Еще вчера, не зная того, Маврик стал героем Мильвы.

Более ста мальчиков рассказали о том, что было в школе, более чем в ста семьях. Этого было вполне достаточно, чтобы все двести – триста семей, а затем все семьи знали о необыкновенном событии.

В Мильве не выходила газета, и молва заменяла ее. Заменяла, приукрашая, добавляя, расцвечивая. Кладбищенского попа не любили и без того. И если до этого говорили приглушенно об его пьянстве, разгуле и всего лишь намекали на его связь с просвирней Дудариной, то теперь об этом рассказывали у каждого уличного колодца.

Осложнял дело и дурачок Тишенька Дударин. Этот «божий человек» бегал по улицам Мильвы босым и в морозы. Бегал и бормотал или выкрикивал «пророческие слова». Теперь его «пророчества» откровенно лгали. Он поносил безвинного зашеинского внука, называя его «учеником дьявола», что явно противоречило здравому смыслу даже самых темных верующих старух.

«Блаженный» впервые получил оплеуху от неизвестного. А в окно отца Михаила был брошен горшок с нечистотами. Горшок выбил стекла двойных рам и разбился, ударившись об изразцовую печь, обрызгав дорогие обои и «озловонив чертог иерея», как писал в жалобе приставу Вишневецкому отец Михаил.

Но пристав не только не учинил розыска, но и посоветовал отцу Михаилу «не дразнить гусей» и отсидеться дома.
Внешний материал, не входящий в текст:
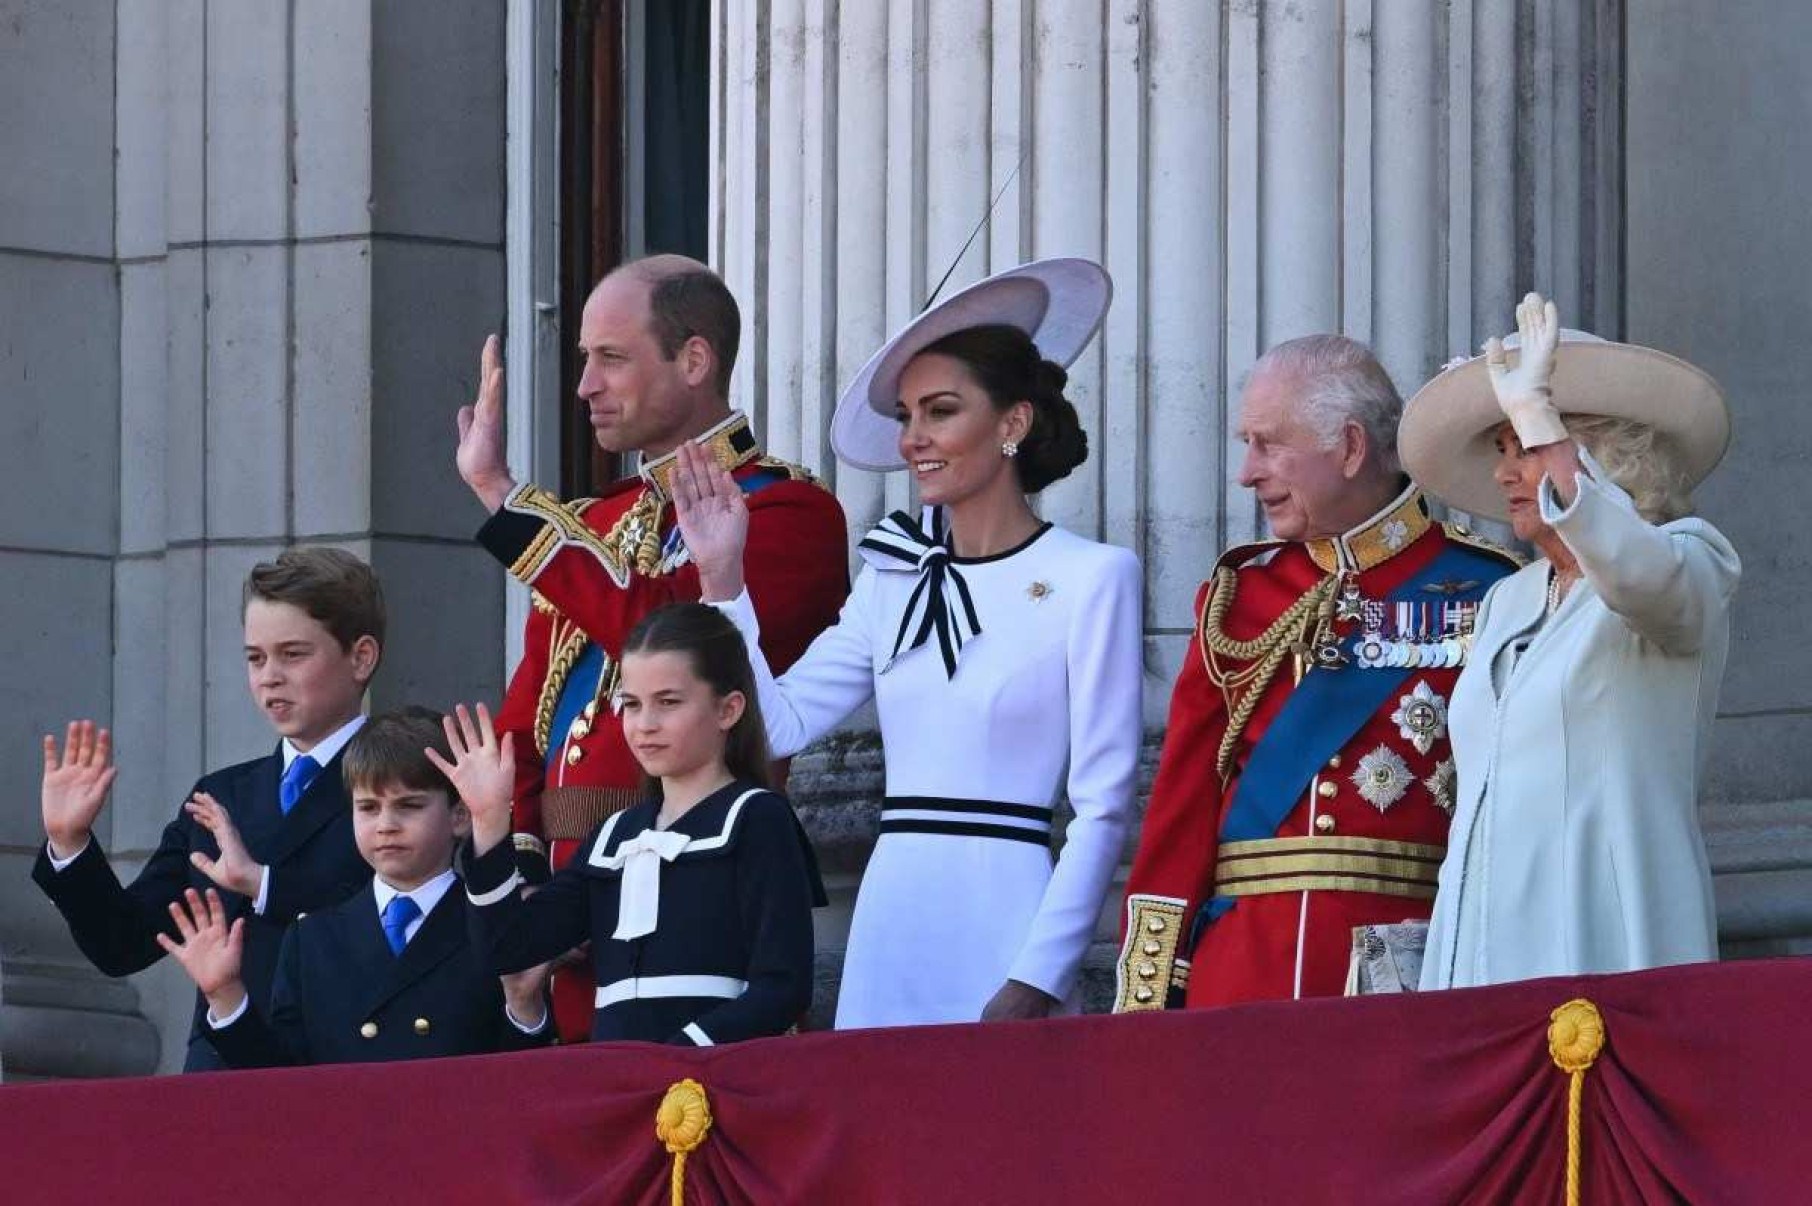 Kate, Princesa de Gales, está fazendo um retorno à vida pública pela primeira vez desde que foi diagnosticada com câncer, participando do desfile militar Trooping the Color no centro de Londres.

Вишневецкий понимал, как может обернуться «школьное происшествие», и для предосторожности поставил переодетого полицейского к поповскому дому. Сегодня горшок с нечистотами, а завтра «красный петух». Спалят отца Михаила, и концы в воду. Бывало и такое в тихой Мильве.

На всякий случай, в целях возможных запросов из губернии, было заведено дело, названное «Неблаговидное происшествие в школе кладбищенского прихода Усть-Мильвенского завода». Дело начиналось с показания Манефы Мокеевны, не обелявшей законоучителя, продолжалось донесениями полицейских и агентов по тайному надзору. Сюда же было подшито заявление отца Михаила о горшке с нечистотами.

Маленькое дело, заведенное «на всякий случай» и «для предосторожности», росло с каждым днем. К нему были присоединены письма известных и неизвестных лиц, посланные в газеты и перехваченные почтой. Известные и неизвестные лица требовали мирского и духовного правосудия над попом, порочащим великую православную церковь. О Толстом не говорилось ни слова, хотя так недвусмысленно во имя защиты его памяти писались эти письма известными и неизвестными лицами, якобы защищающими и оберегающими религию от «растленных пастырей».

Пристав понимал, что всех писем не перехватить почте. Какие-то из них могут быть посланы и не из Мильвы. Особенно опасался он юридически образованного Валерия Тихомирова. Поэтому дело «о неблаговидном происшествии…» велось с особой тщательностью. Пристав должен знать все. И если что – «Не извольте беспокоиться. Все до последней бумажечки подшито и пронумеровано».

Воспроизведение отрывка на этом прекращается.